Футуризм. В том смысле, в каком его определил заново сам Азимов. Герберт Уэллс на рубеже веков говорил о будущности (futurity), а чуть позже группа итальянских художников и протофашистов присвоила себе слово «футуризм» (futurism). Филиппо Томмазо Маринетти[38]
опубликовал свой «Манифест футуриста» зимой 1909 г. в La Gazzetta dell’Emilia и Le Figaro. Он объявил себя и своих друзей наконец свободными — свободными от прошлого.Громадная гордость приподнимала нас, потому что мы чувствовали, что одни в тот час, мы одни, мы не спим и на ногах, подобно гордым маякам или стражам в передовом дозоре против армии враждебных звезд… «Andiamo, — сказал я. — Andiamo, amici» <…> И как молодые львы, мы побежали вслед за смертью [и т. д.].
Манифест содержал 11 нумерованных пунктов. Пункт первый: «Мы будем воспевать любовь к опасности…». Пункт четвертый был посвящен быстрым автомобилям: «Мы утверждаем, что величие мира обогатилось новой красотой — красотой скорости. Гоночный автомобиль, капот которого украшают большие трубы, как змеи взрывного движения».
Когда Азимов использовал это слово, он имел в виду нечто более фундаментальное: ощущение будущего как условного места, отличающегося — и, возможно, очень сильно — от того, что было прежде. На протяжении большей части истории люди не могли видеть будущее таким. Религии не особенно задумывались о будущем — они ждали возрождения или жизни вечной, новой жизни после смерти, существования вне времени. Но в какой-то момент человечество наконец переступило порог осознания.

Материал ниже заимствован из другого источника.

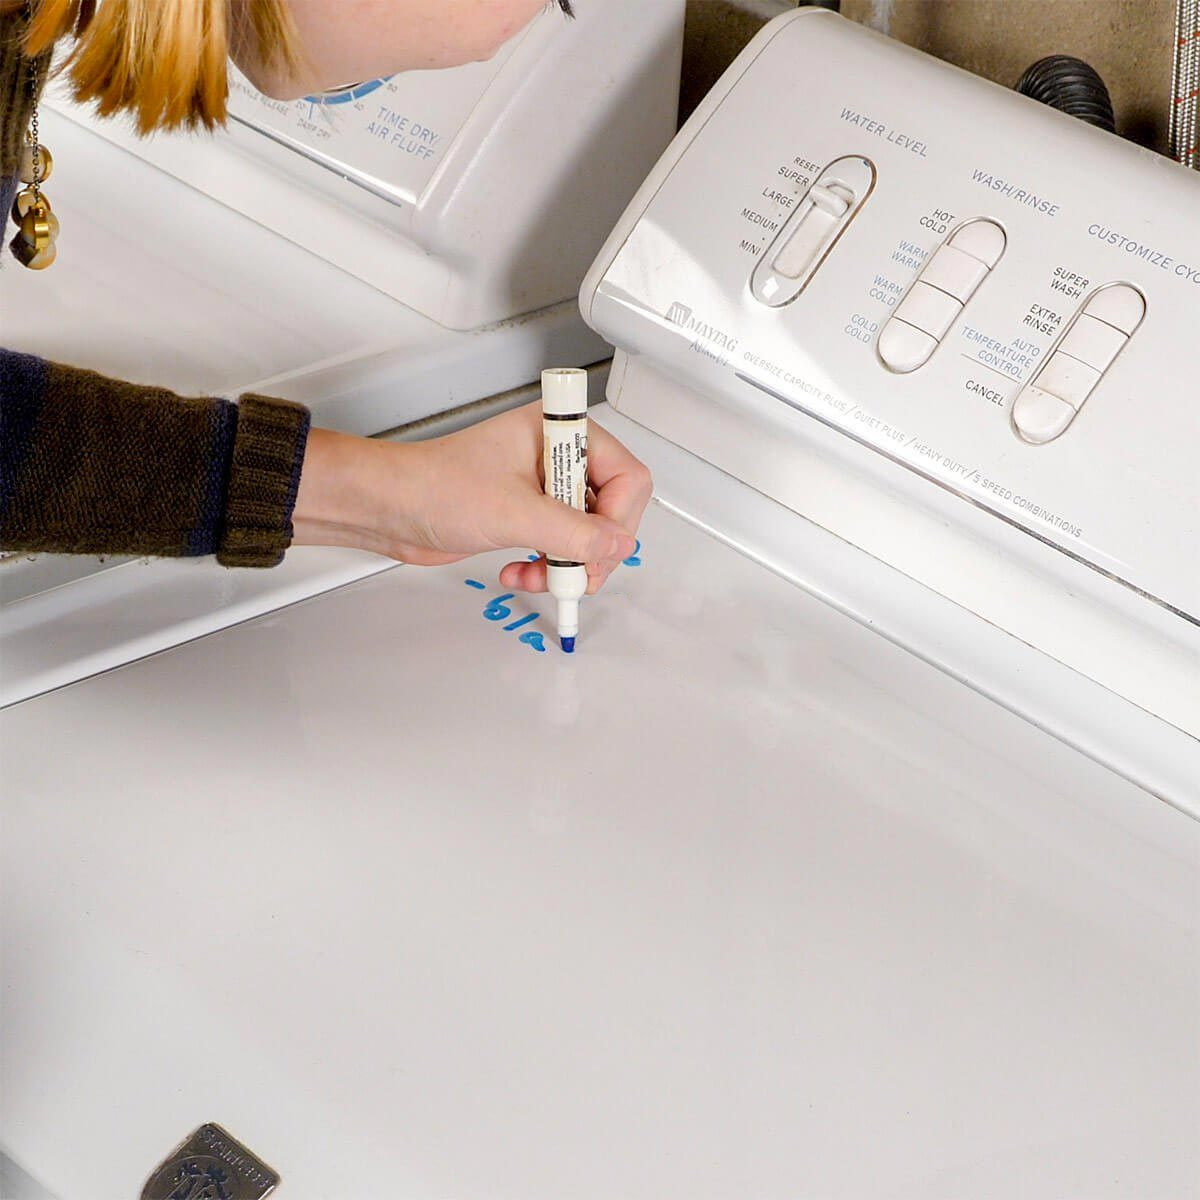 Organiser sa maison : écrivez des notes sur la machine à laver.

Возникло ощущение, что под солнцем все же есть кое-что новое. Азимов объясняет:
Прежде чем говорить о футуризме, мы должны сначала признать существование будущего в состоянии, которое существенно отличается от настоящего и прошлого. Нам может показаться, что потенциальное существование такого будущего самоочевидно, но до сравнительно недавних времен это совершенно точно было не так.
И когда это произошло? Началось всерьез с печатного станка Гутенберга, который позволил нам сохранять культурную память в чем-то видимом и осязаемом, в чем-то, чем можно поделиться. Полную скорость этот процесс набрал с началом промышленной революции и возвышением машины — ткацких станков, мельниц и плавильных печей, угля, железа и пара. Он же породил, помимо всего прочего, внезапную ностальгию по исчезающему на глазах аграрному образу жизни. Поэты, как всегда, были в первых рядах. Помните: «Внемлите глас певца! — призывал Уильям Блейк. — Знает он, что есть, что было и что будет». Кое-кто из людей любил прогресс больше, чем мистер Темные Сатанинские Мельницы, но, так или иначе, пока не родился футуризм, людям приходилось
Блейк, окруженный со всех сторон все более совершенными машинами, более, чем кого-либо, обвинял во всем Исаака Ньютона — ограниченного рационалиста, всюду насаждающего свой новый порядок[40]
. Но сам-то Ньютон не верил в прогресс. Он много занимался историей, по большей части библейской, и полагал, как ни крути, что его собственная эпоха представляет собой эру упадка, жалкие остатки прежней славы. Изобретая новую математику[41], открывающую перед человеком широкие возможности, он считал, что заново открывает секреты, известные еще древним, но позже забытые. Идея абсолютного времени не подорвала его глубокую веру в вечное христианское время. Историки, изучающие нынешнее представление о прогрессе, отмечают, что оно начало развиваться в XVIII веке, одновременно с представлением о самой истории. Мы воспринимаем современное ощущение истории — ощущение «исторического времени» — как нечто само собой разумеющееся. Историк Дороти Росс определяет это ощущение как «доктрину о том, что все исторические явления могут быть поняты исторически, что все события в историческое время могут быть объяснены предыдущими событиями в историческое время»[42]. (Она называет это «поздним и сложным достижением современного Запада».) Сегодня это кажется таким очевидным: настоящее строится на прошлом.